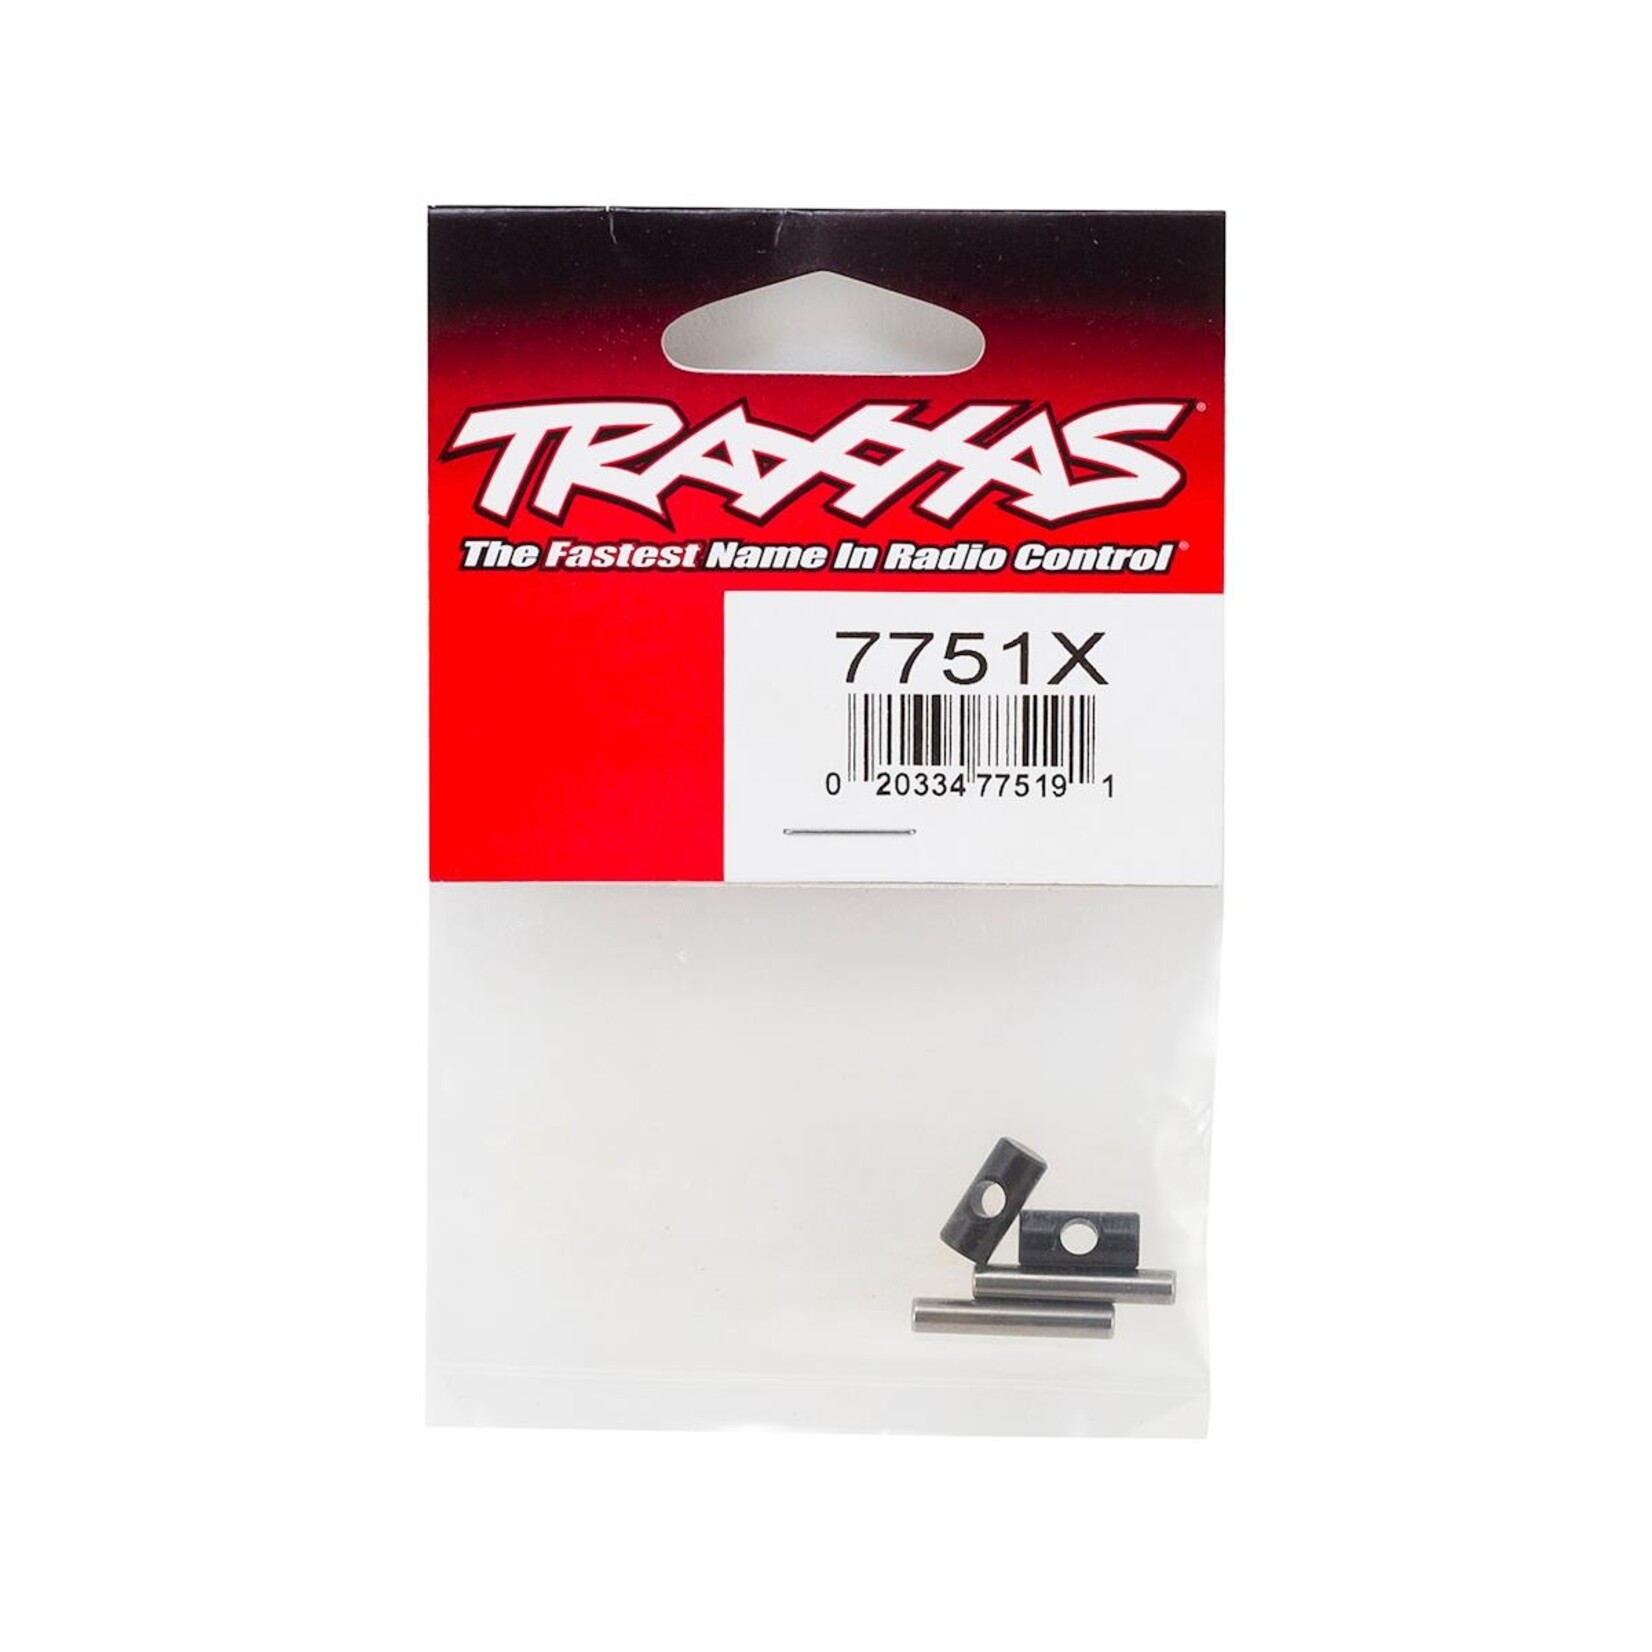 Traxxas Traxxas X-Maxx Constant Velocity Driveshaft Rebuild Kit (use with 7750X) #7751X
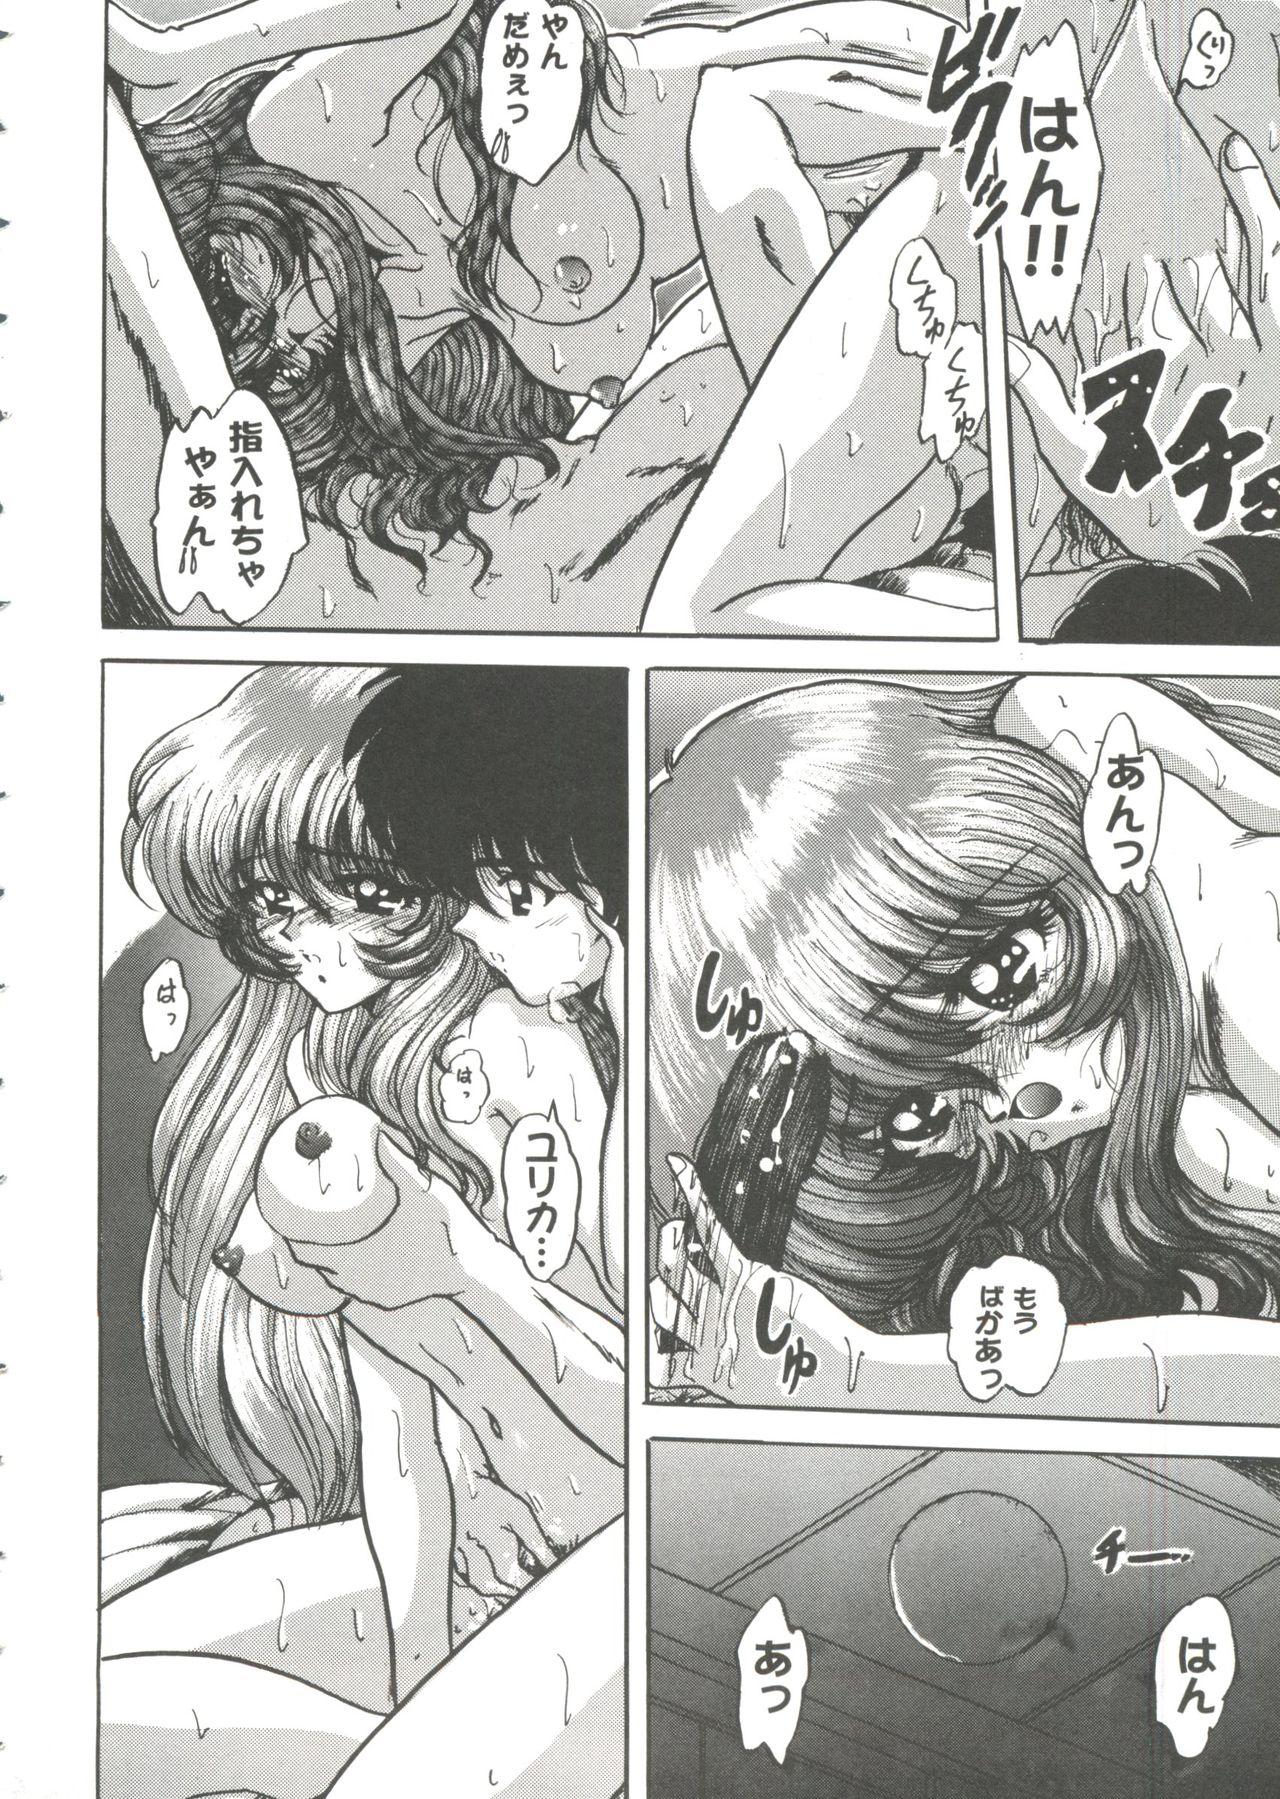 Celeb Girl's Parade 99 Cut 7 - Sakura taisen Martian successor nadesico Rurouni kenshin White album Amateur Sex Tapes - Page 8
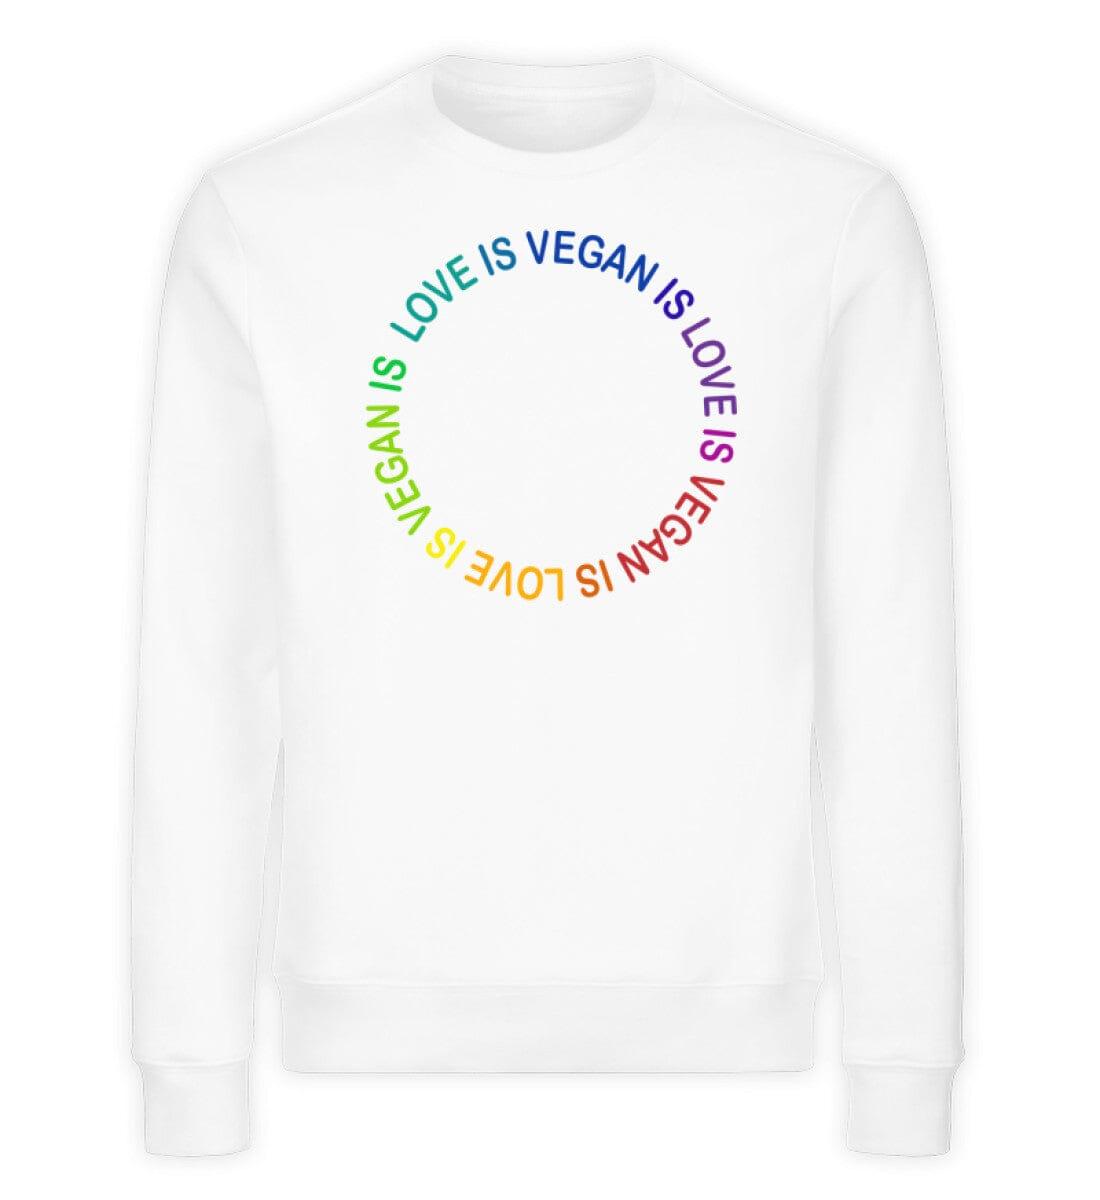 Vegan is love - Unisex Organic Sweatshirt - Team Vegan © vegan t shirt

# What you need to do
Everything in the listing is to be returned word for word, except the pictures.

# Solved problem
 Traxxas Traxxas X-Maxx Constant Velocity Driveshaft Rebuild Kit (use with 7750X) #7751X
 Celeb Girl's Parade 99 Cut 7 - Sakura taisen Martian successor nadesico Rurouni kenshin White album Amateur Sex Tapes - Page 8
 Vegan is love - Unisex Organic Sweatshirt - Team Vegan © vegan t shirt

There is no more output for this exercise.